Gregory Tardy: The Hidden Light

On his second album, post-Wynton neobopper Gregory Tardy reveals as much technical and stylistic mastery as any of his Versace-suited peers, but not a whole lot of originality. Now 33, the tenor saxophonist underwent his formative education when Marsalis was passionately spreading his didactic bebop vision, and The Hidden Light makes plain that Tardy was affected by it.

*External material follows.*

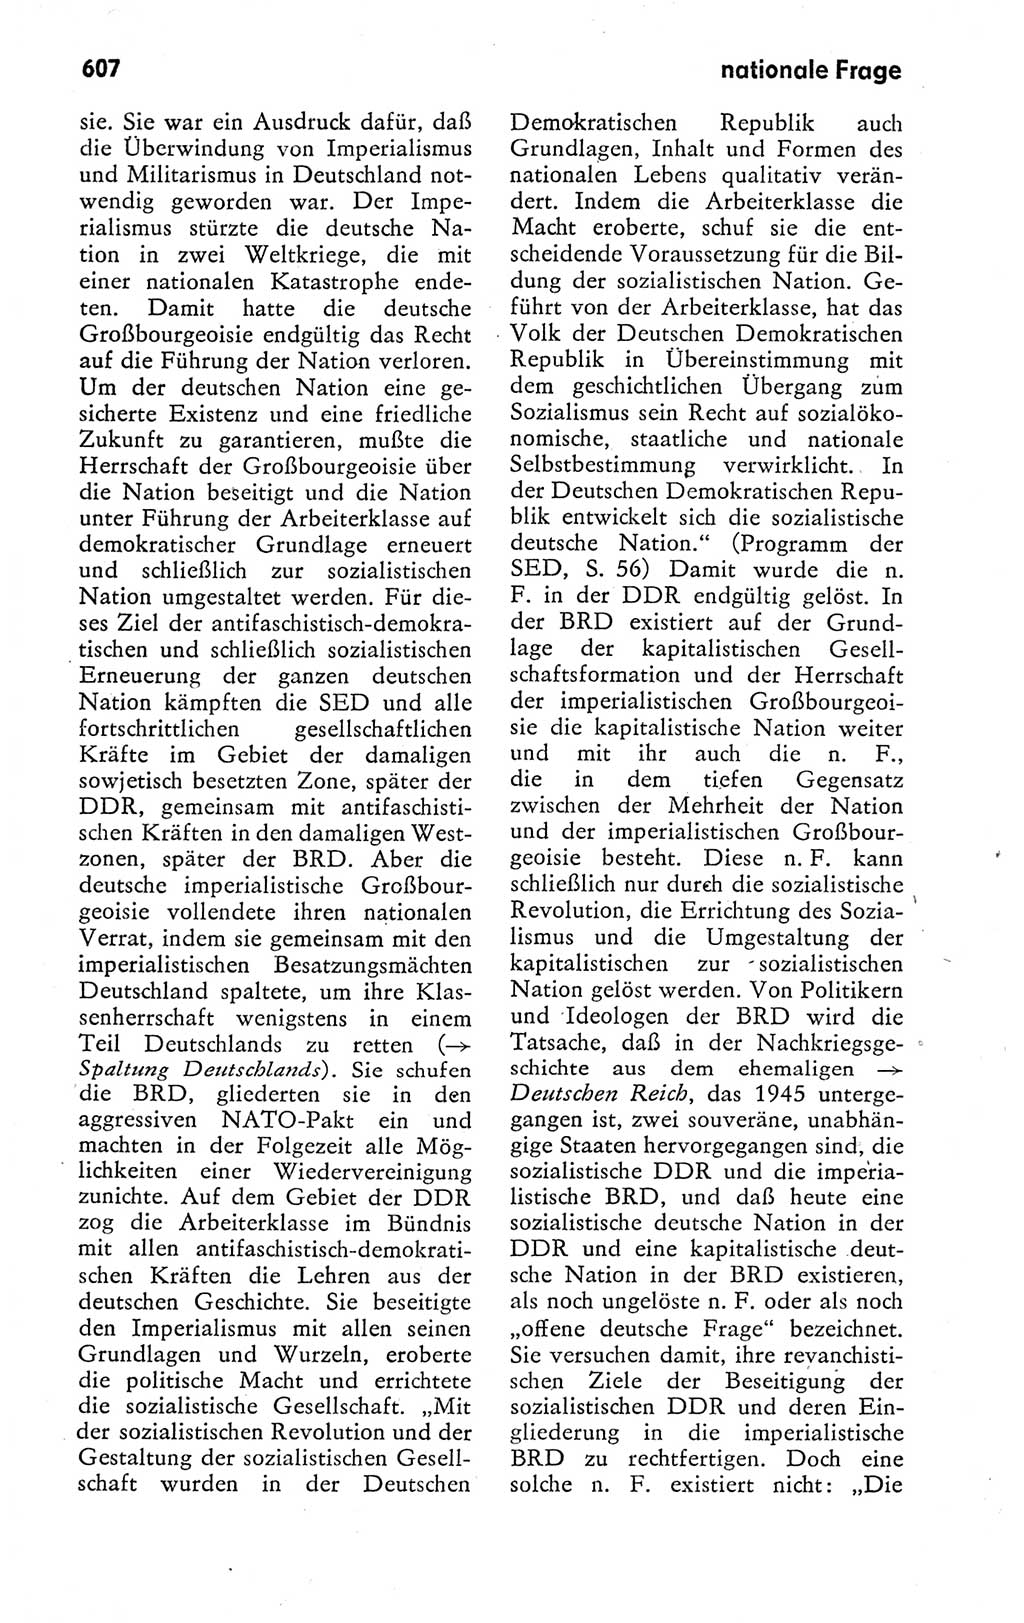 Kleines politisches Wörterbuch [Deutsche Demokratische Republik (DDR)] 1978, Seite 607 (Kl. pol. Wb. DDR 1978, S. 607)

On several of the tracks where he’s joined by Nicholas Payton, their taut unison lines hark straight back to Wynton’s early-’80s update of the Miles Davis Quintet. Thankfully, there are flashes of activity when Tardy blows by that model; unfortunately it generally leads him to emulate other icons. He tears up Coltranelike sheets of sound during his solo on “The Living Hope” and recalls Trane’s freedom-seeking ways on the scalding “Jonah’s Tears Part 2,” as pianist George Colligan bangs out McCoy Tyner vamps and drummer Eric Harland drops Elvin Jones bombs. “Educated Freedom” is a bluesy, shuffling, straight-up homage to soulful sound of late ’50s-era Art Blakey.

Elsewhere, Tardy pursued more interesting musical associations, including membership in the Dave Douglas Sextet, and there are a few tunes here where genuine personality crops up. The fast, funky, and ferocious “Mr. Hurt” and the exciting trades he makes with guest altoist Antonio Hart on “Second Wave (Pooh’s Paradigm)” offer proof that Tardy’s got something all his own.